Divórcio na pandemia: como amparar emocionalmente o filho pequeno
O isolamento social imposto pelo coronavírus intensificou a convivência e muitos casais decidiram que não querem mais continuar casados.
A pandemia causada pelo coronavírus mudou a rotina da maioria das pessoas no mundo inteiro e trouxe novos desafios e necessidade de adaptações. Quem divide a vida – a casa, os filhos, as contas – com outra pessoa, precisou muito mais do que encaixar a agenda.
O isolamento social intensificou a convivência, expôs problemas antigos e, em muitos casos, colocou os relacionamentos à prova. Tanto que 29.985 casais se separaram nos cinco primeiros meses de 2021 contra 23.621 de janeiro a maio do ano passado, segundo os dados do Colégio Notarial do Brasil.
E quando a separação envolve filhos pequenos? Apesar de o número de divórcios (o rompimento legal e definitivo) ter diminuído – em 2020 foram 511.057 novos casos de divórcio no Poder Judiciário, enquanto em 2019 foram 534.463 novos processos ajuizados, de acordo com o Conselho Nacional de Justiça – a situação é ainda mais delicada.
Em um momento de sofrimento, como o do rompimento, a prioridade, tanto para o pai quanto para a mãe, deve ser proteger os filhos. A seguir, buscamos especialistas para ajudar homens e mulheres que estão passando por este desafio a conseguirem transpor o momento de maneira mais saudável e amparando seus filhos no processo.
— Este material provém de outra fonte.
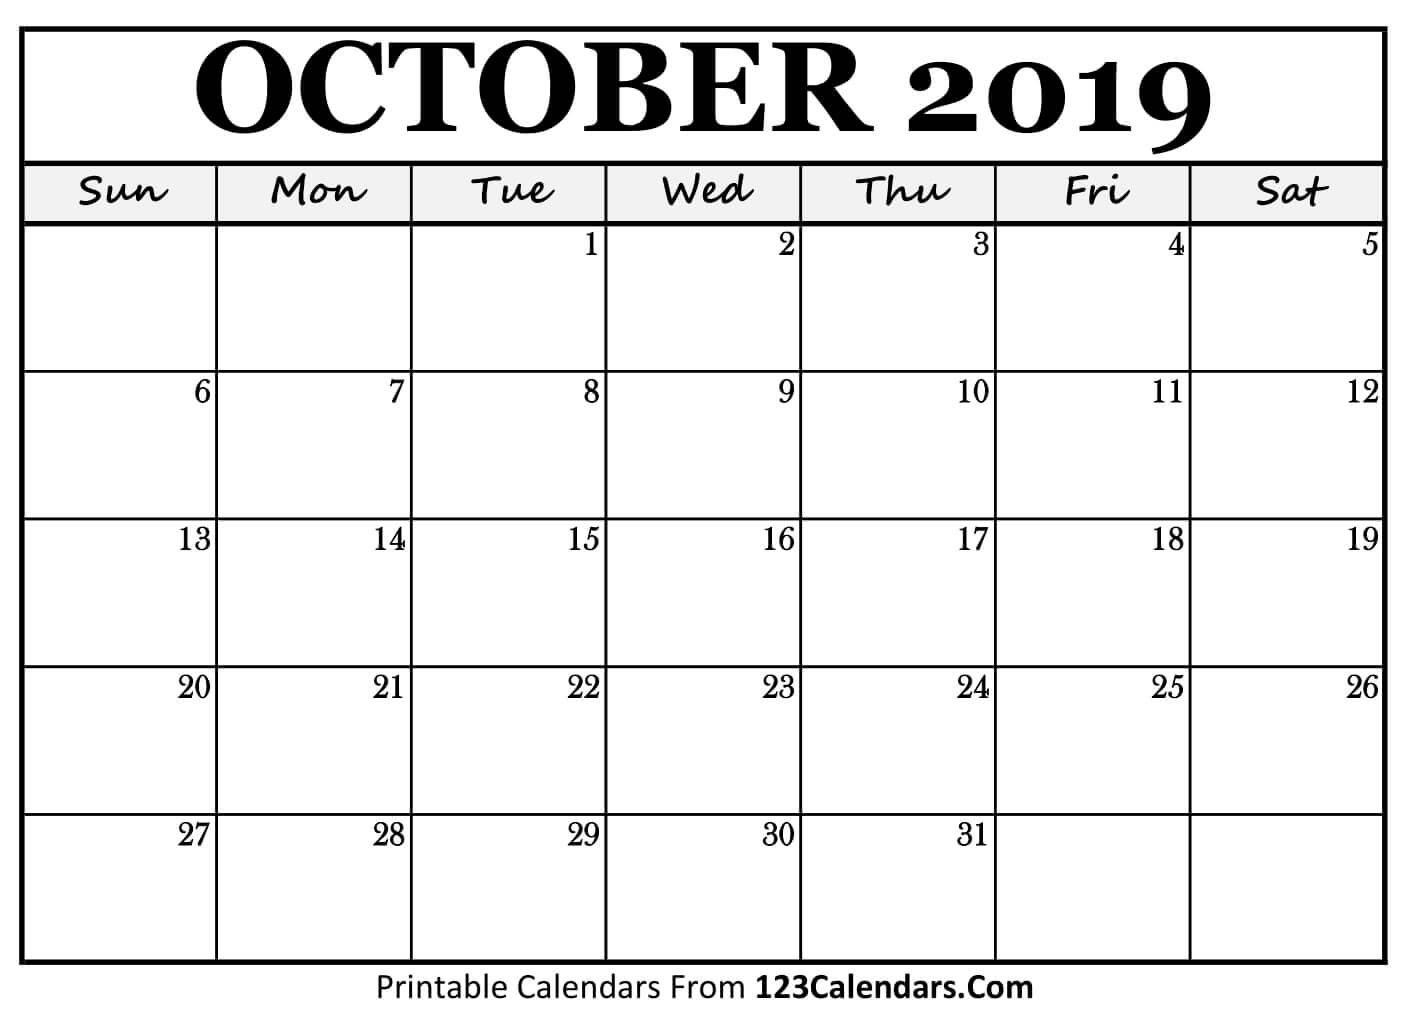 Printable October 2019 Calendar Templates – 123Calendars Calendar 2019 Oct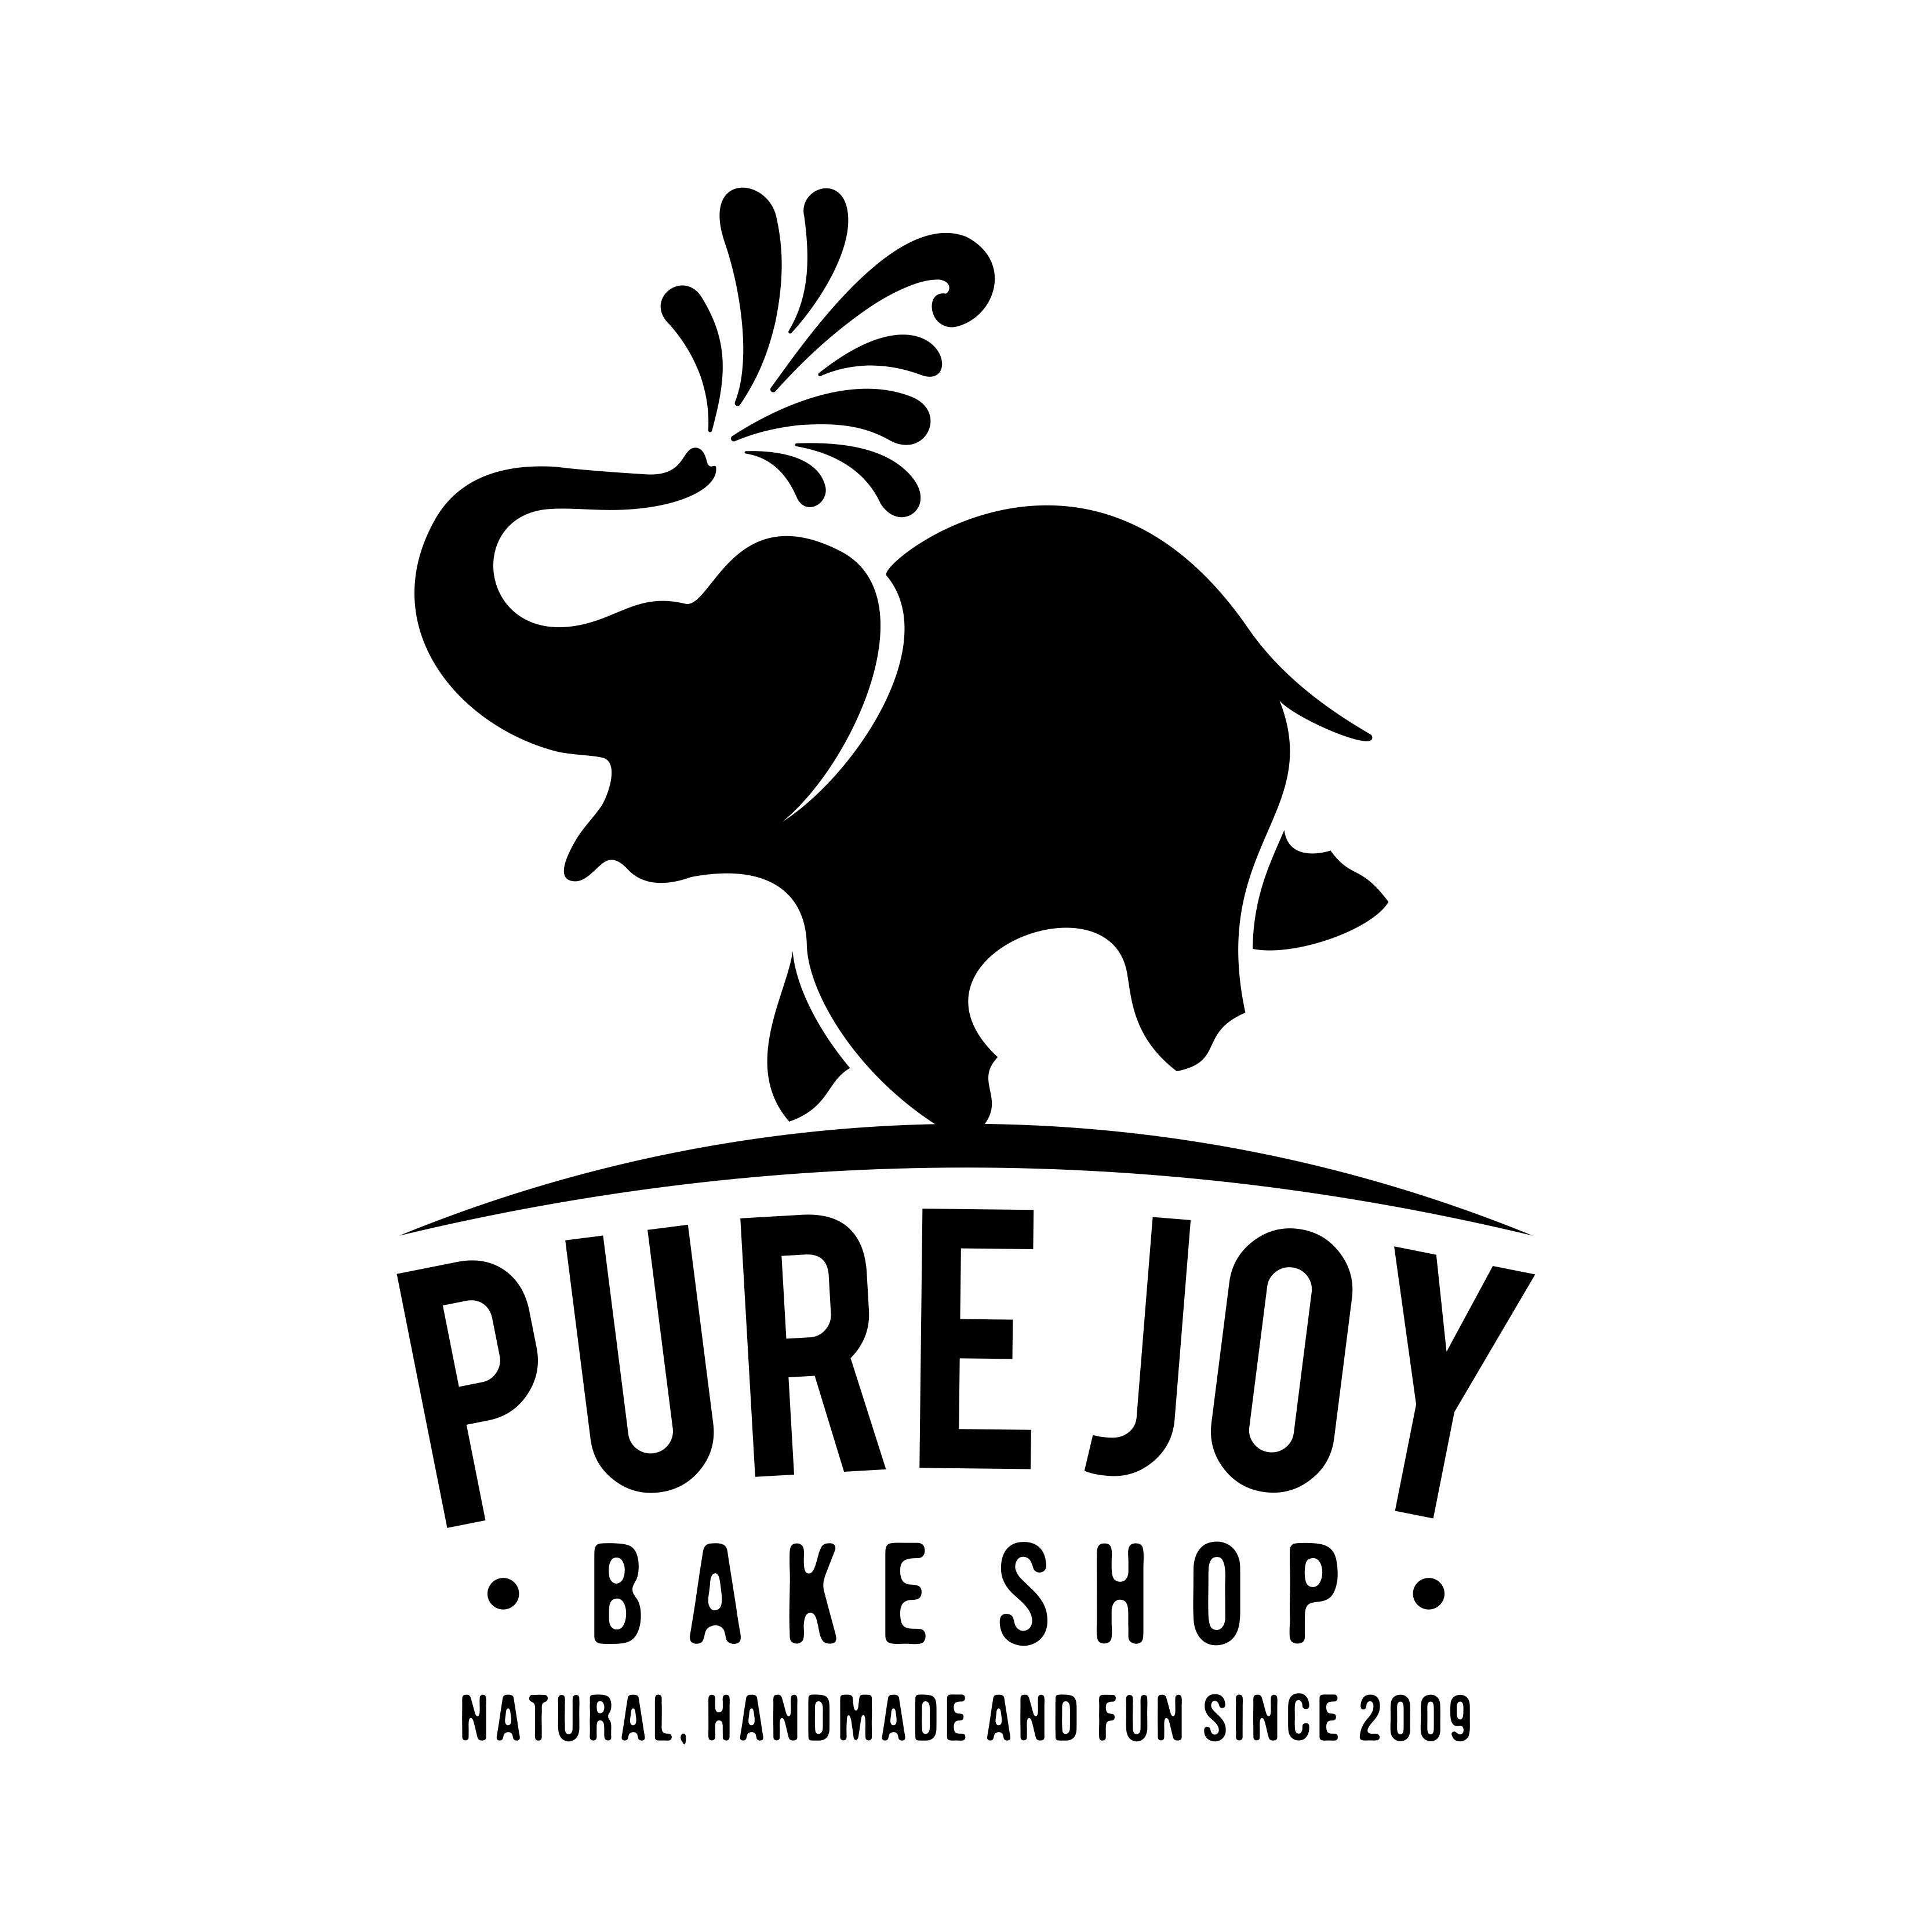 Pure Joy Bake Shop logo design

Primeiro, uma visão geral sobre o casamento no Brasil
De acordo com o IBGE, os brasileiros estão se casando cada vez menos. Em 2019, foram registrados 1.024.676 casamentos civis, o que representa uma redução de 2,7% em relação ao ano anterior. Desse total, 9.056 ocorreram entre pessoas do mesmo sexo.
Além disso, os casamentos duram menos tempo atualmente. Ainda de acordo com o IBGE, o tempo médio entre a data do casamento e a data da sentença ou escritura do divórcio, em 2009, era de 17,5 anos. Na década seguinte, em 2019, houve uma diminuição para 13,8 anos, ou seja, cerca de quatro anos a menos. Quase metade dos casamentos que foram desfeitos em 2019 duraram menos de 10 anos.
“A instituição casamento não está falida, muito pelo contrário. Ela vale muito. Tanto que as pessoas já não querem mais um casamento que não corresponda às expectativas”, defende Bianca Bubols, advogada especialista na resolução de questões familiares e patrimoniais.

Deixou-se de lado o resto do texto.